By UNStudio Founder & Principal Architect Ben van Berkel
They say that necessity is the mother of invention. When given a brief, designers work to understand the necessities of end-users, and for architects, we can now design responsive spaces that accommodate those needs in real time. But invention can also allow us to overcome the necessities that we cannot easily quantify, like human connectedness, or group morale. To design for these, we must remember to invent spaces that people can appropriate for themselves, allowing them to take ownership of space through meeting and socializing, creating solutions for the kind of obstacles that we cannot easily calibrate.
So, within the context of work, what kinds of necessities are we inventing for – both today and in the future?
The answer is – as always – it depends, as needs differ greatly from company to company. But even geographically, whether working in the Middle East or in China, architects need to understand how the future of work relates to the city and to buildings that are being built there. Meanwhile, in Europe, we need to consider all of the same issues while retrofitting the industrial heritage around us, building appropriate and purposeful designs where possible in cities. The difficulty (beyond the technical complexities of retrofitting or the urgent need to design for a circular economy) is that ‘working’ as we used to imagine it in the industrial era has almost completely faded away. We used to consider that “bringing home the bacon”, working nine-to-five, and only working for one company alone was the trajectory for most of our lives. As a result, a lot of older work spaces are no longer fit for the purpose, being designed only as places of production.
Whether a freelancer, someone who works for a start-up, or someone making a living from online platforms, life, work, knowledge-sharing and play can all happen within the same space. But with commute times increasing and with flexible and distance work growing, offices now have stiff competition. Offices must compete with the home, as well as with all of the potential workspaces between the home and office in order to remain relevant. According to a Savillsstudy on worker needs, people value a shorter commute, a quiet place to focus, good transport connections, ease of transport around the building, good interior design, access to breakout areas, easy to access meeting rooms and green space. As we already know from our research into healthy design strategies, they don’t appreciate noise, bad air quality or uncomfortable temperatures. Any well-designed and well-connected city library can offer all of the above.
To compete, places of work must offer all of this and something more: something that competitors cannot offer.

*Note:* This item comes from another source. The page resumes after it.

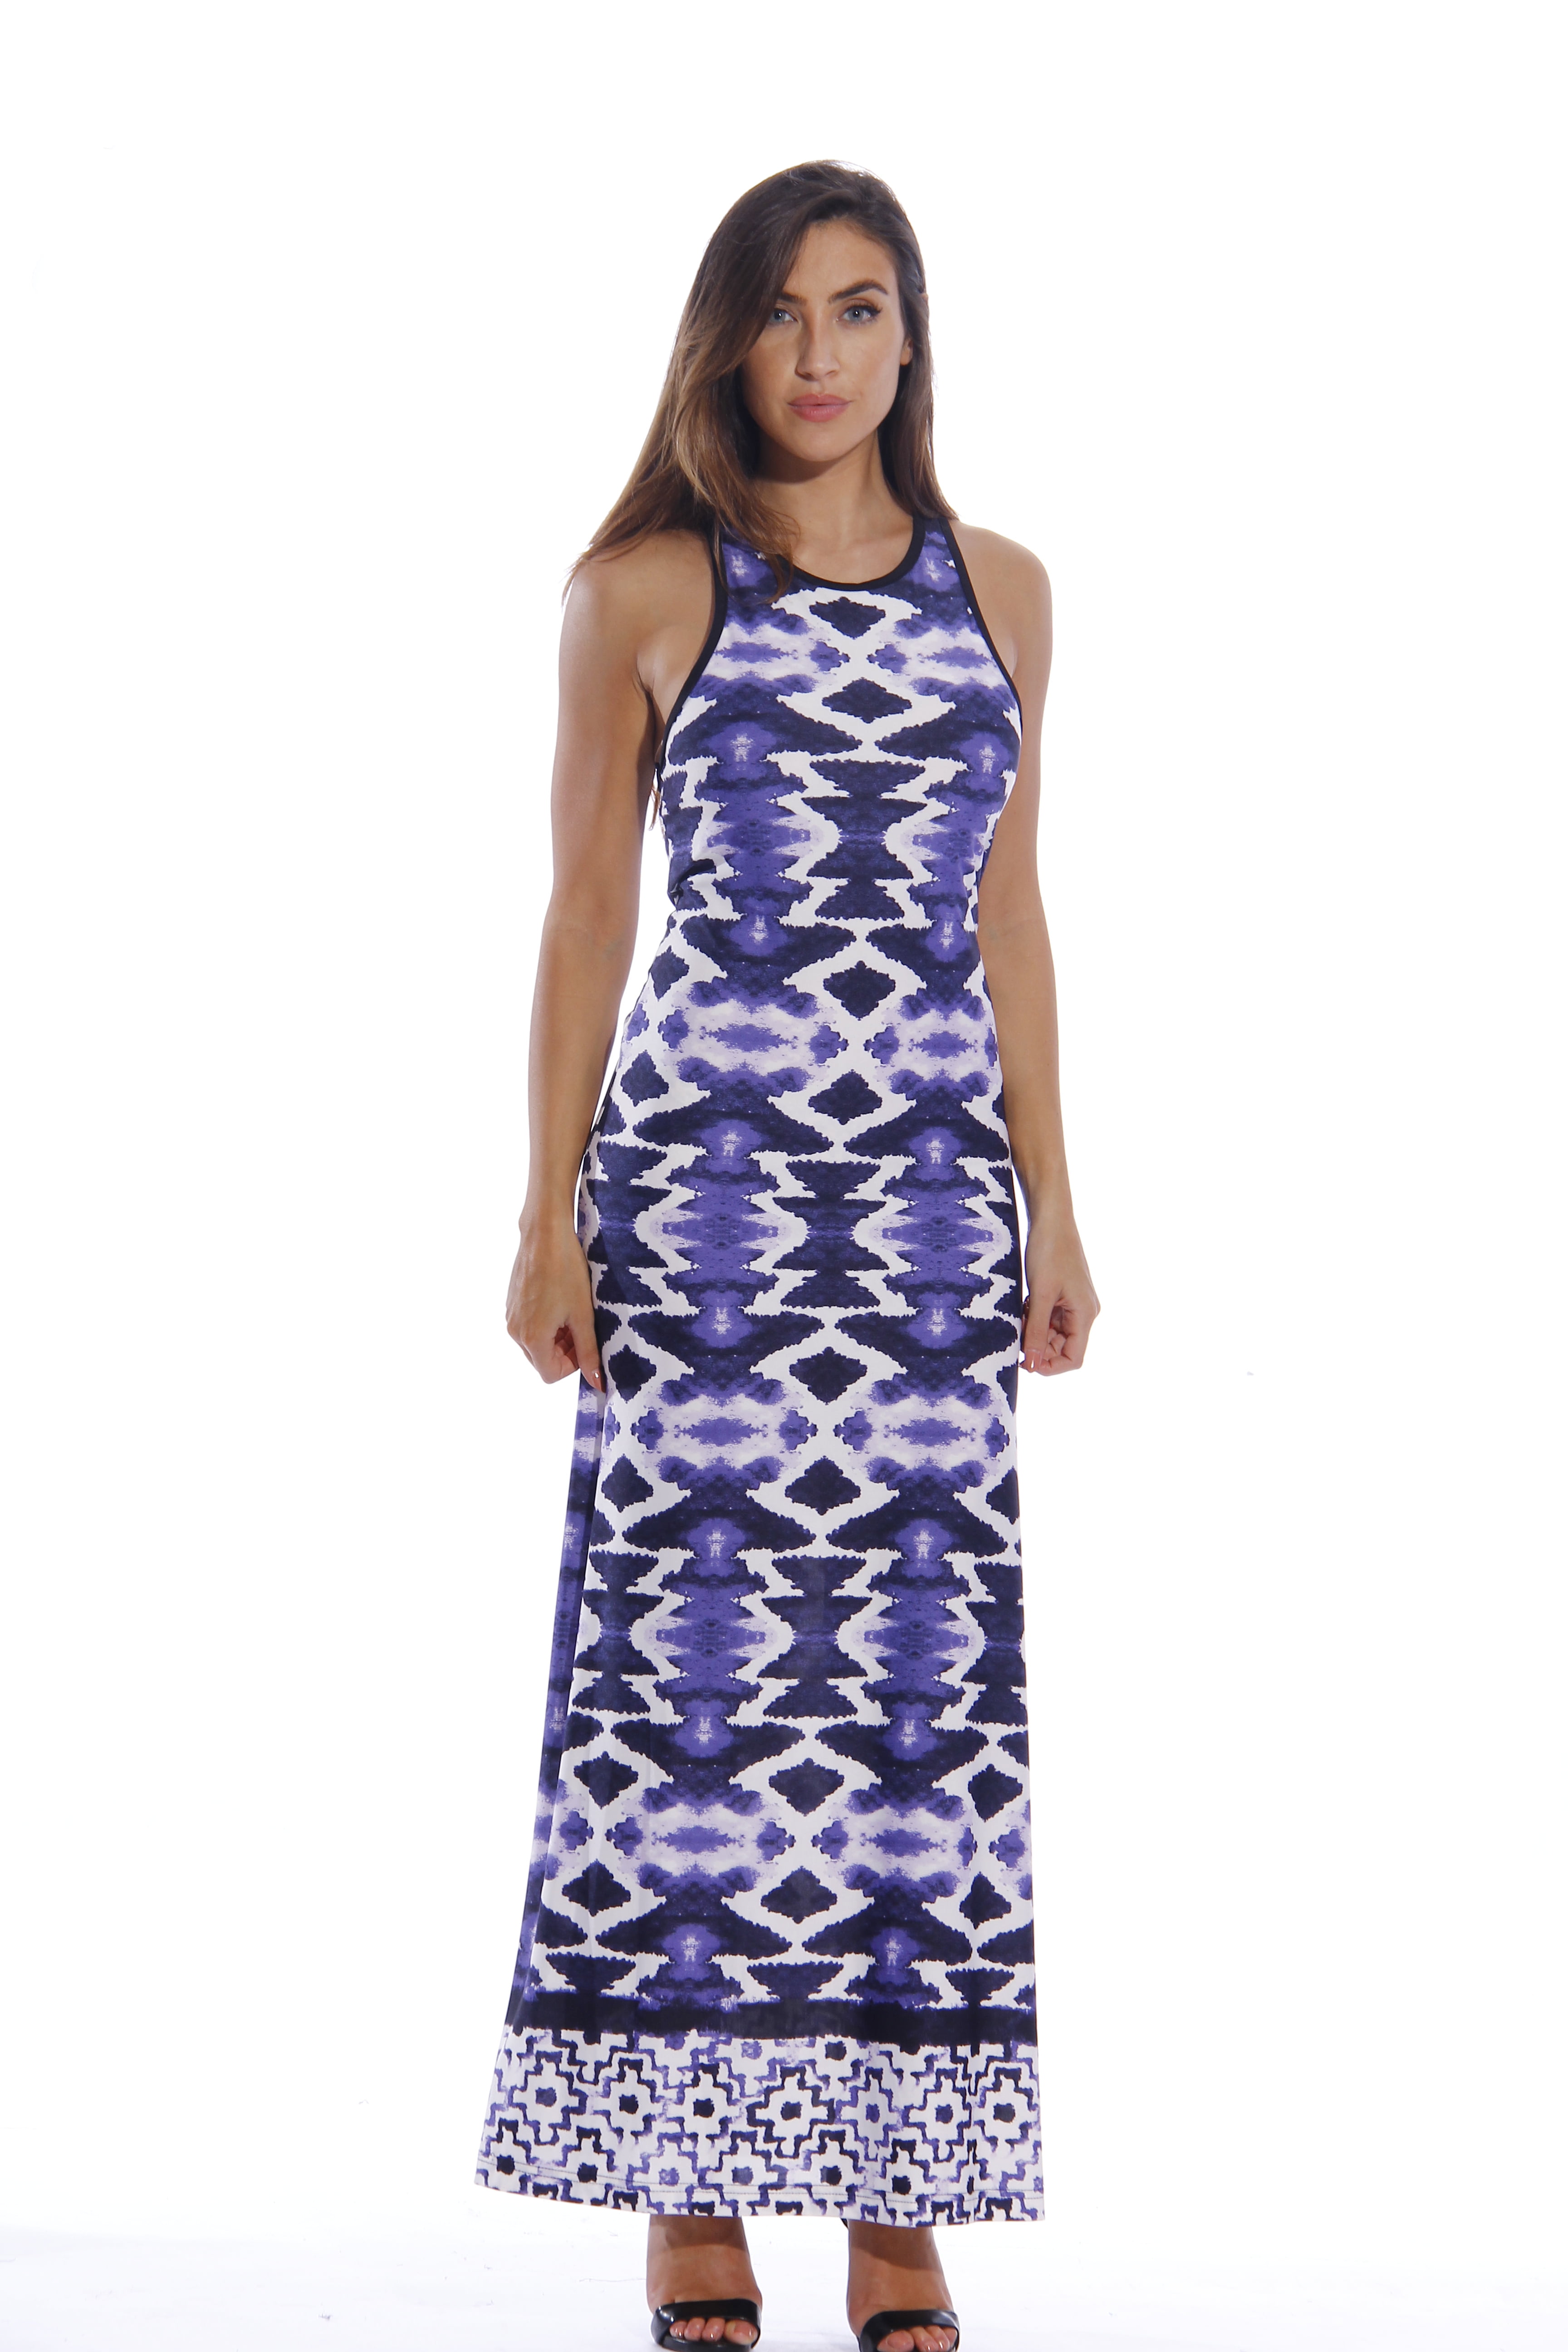 Just Love Maxi Dresses for Women / Summer Dresses (Blue Aztec Tie Dye ...

For us at UNStudio, offices are no longer just spaces to produce work. These are places where we achieve our goals, enrich our lives, and surround ourselves with people who are guided by a purpose similar to our own. These are mixed use, diverse and hybrid spaces within cities that have public space incorporated into them, acting as recruiting machines for potential employees.
As such, I don’t like to talk about office buildings. I like to imagine the workspace as being more like a campus. As much as ‘campus’ is now used as a buzzword to describe workspace, it is an appropriate term for the kind of building that can produce the best quality work. These are spaces that feel more like university buildings, where people can be social, undertake group or focused work, initiate activities and take work in the direction that makes them feel more productive. I also like to think back to Andy Warhol’s Factory, where like-minded, hyper creative individuals brought ideas to life by playing with the concept of a workplace. It was a space to produce, as well as live, socialize and ideate, and importantly, it was a space that expressed a sense of its own identity. It was a space for creative people to belong.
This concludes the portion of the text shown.